PQ: You just finished organizing the 2nd Japan Parkinson Congress. That was a huge effort. You had to recruit speakers, define topics, raise money, find a location, and advertise. Where does your energy come from?
YO: The more I work, the more energy I have. My work drives me. My friends help me too. I get excited over ideas about what can be done to move the Parkinson’s community forward.
PQ: Are there aspects of PD that you are thankful for and that have contributed positively to your life?
YO: It’s a hard question to answer because I’ve had it for the majority of my life, so I don’t really compare a life before PD and a life with it. I can’t imagine life without it. I can say I’ve made a lot of friends through it. It has allowed me to get to know many new people whom I would not have met otherwise.
I think a lot about my role as someone with PD who is both a patient and a doctor. I can approach the disease from a medical angle and an experiential angle. I exist in two worlds, and I think I can do a lot by bridging the gap between them. I consider my ability to help other people with Parkinson’s a gift.
PQ: What advice would you give a newly diagnosed person?
YO: You need to become your own doctor. You live with the disease every day. You need to understand what treatment works and what treatment does not work more than anybody else. Doctors just see one moment in a continuum. Of course, you need your doctor. Doctors are very important. But you need to know in a very detailed way how your medication, your diet and your overall lifestyle affect your Parkinson’s. And then you need to be able to communicate all of these things to your doctor. Treating your Parkinson’s needs to be a collaboration between you and your doctor.
PQ: If you went back in time and got PD again, would you do anything differently?
YO: No. I would do the same as I have done.
PQ: In each country a certain amount of resources goes towards care and a certain amount goes towards research.
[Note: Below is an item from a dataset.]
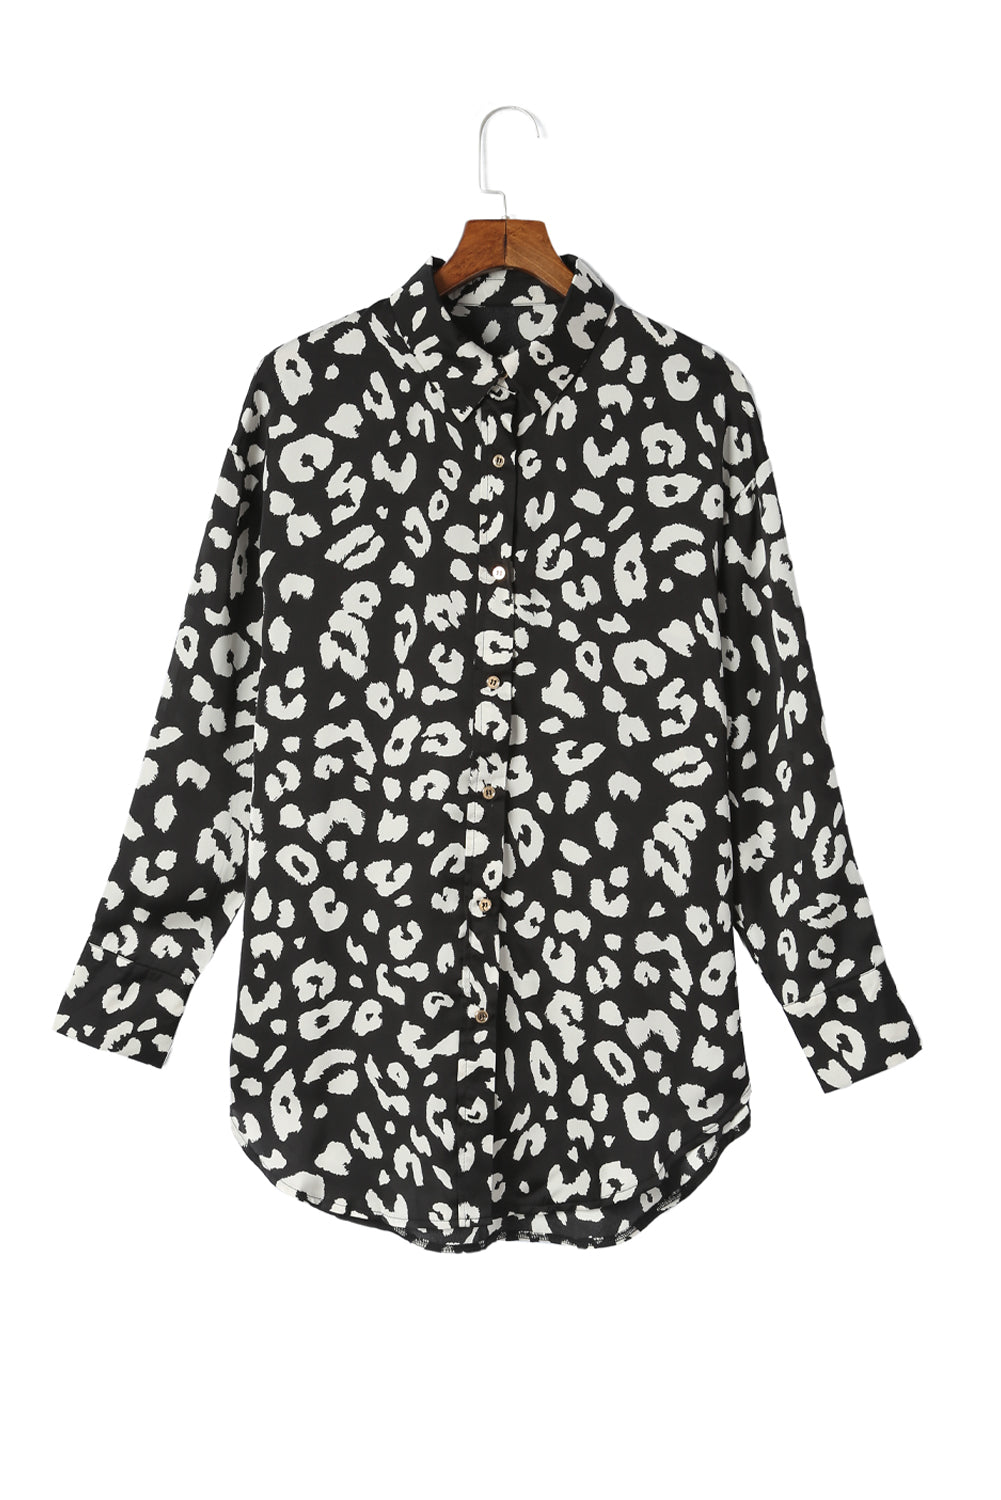 Camicia tunica con stampa leopardata nera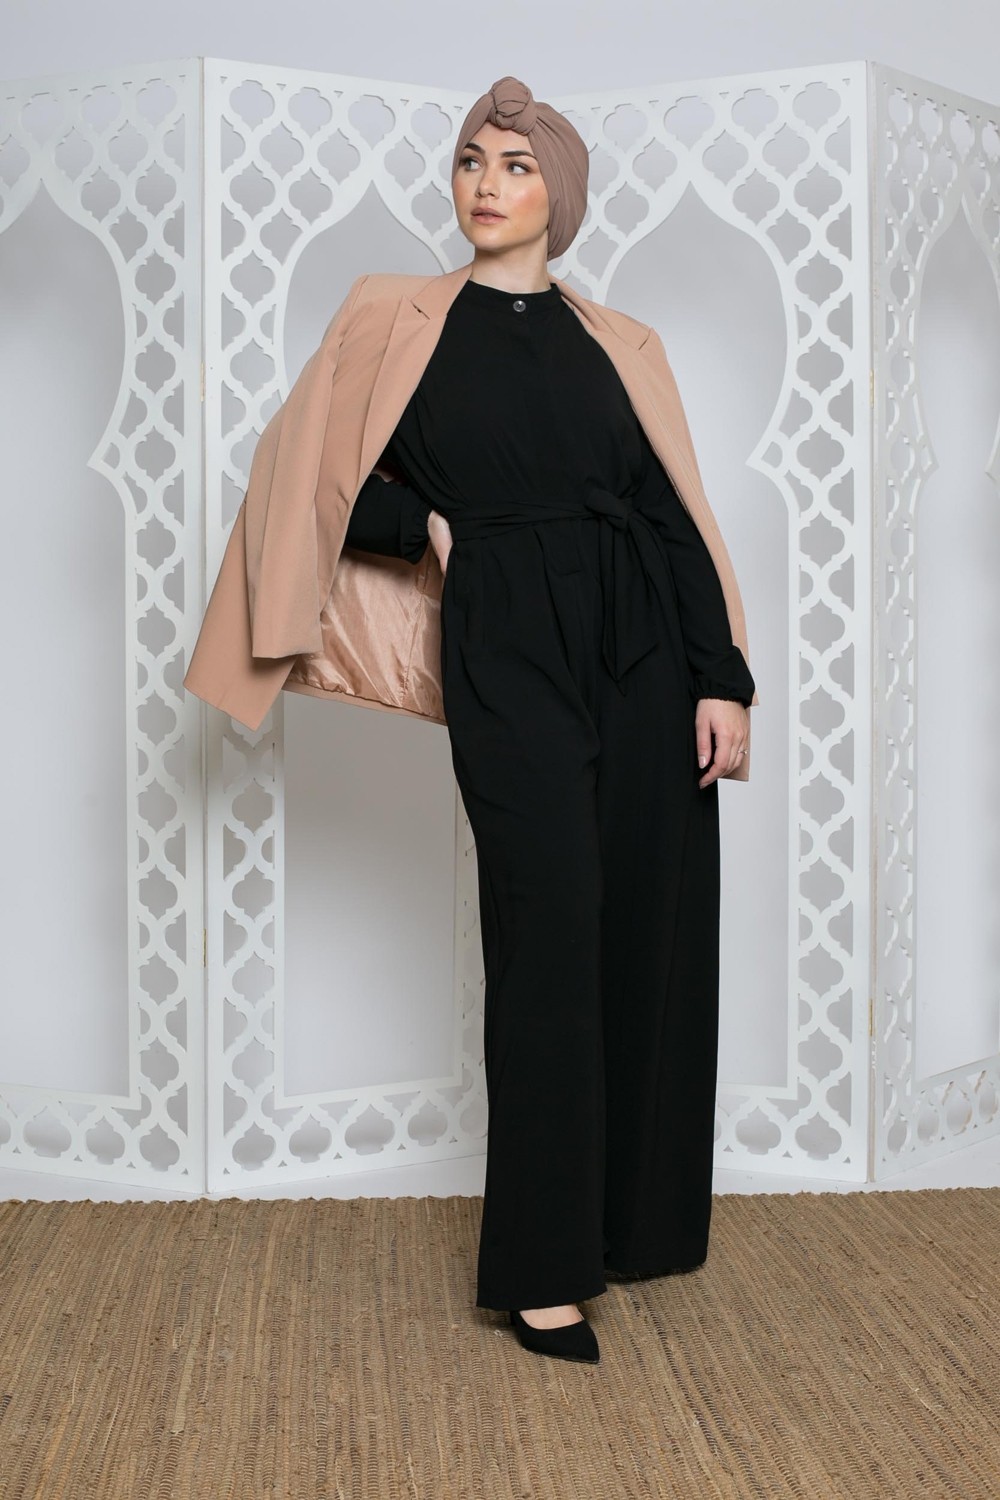 Combinaison soie de médine noir création pour femme musulmane boutique hijab

How are those resources currently distributed in Japan and do agree with this distribution?
YO: In Japan there are many people who are getting older. We need to put more money into care because the number of people with PD is increasing. We need to create a new PD support network to deal with the inevitable onslaught of this disease. This means better doctor-nurse-patient relationships, but it also means patients being more connected with other patients.
One idea I like is a network of Parkinson’s patients dedicated to caring for other Parkinson’s patients. People who are “on” could help others who are “off.” People with PD understand each other. They can identify what other patients need, and how to deal with the idiosyncrasies of the disease. Hospital workers don’t understand how Parkinson’s patients can do one thing one moment and not the next. We of course need increased hospital training as well, but patient-to-patient care could go a long way.
PQ: Well, I think you are remarkable, and you show us all what one person can do. Thank you so much for sharing your thoughts with me.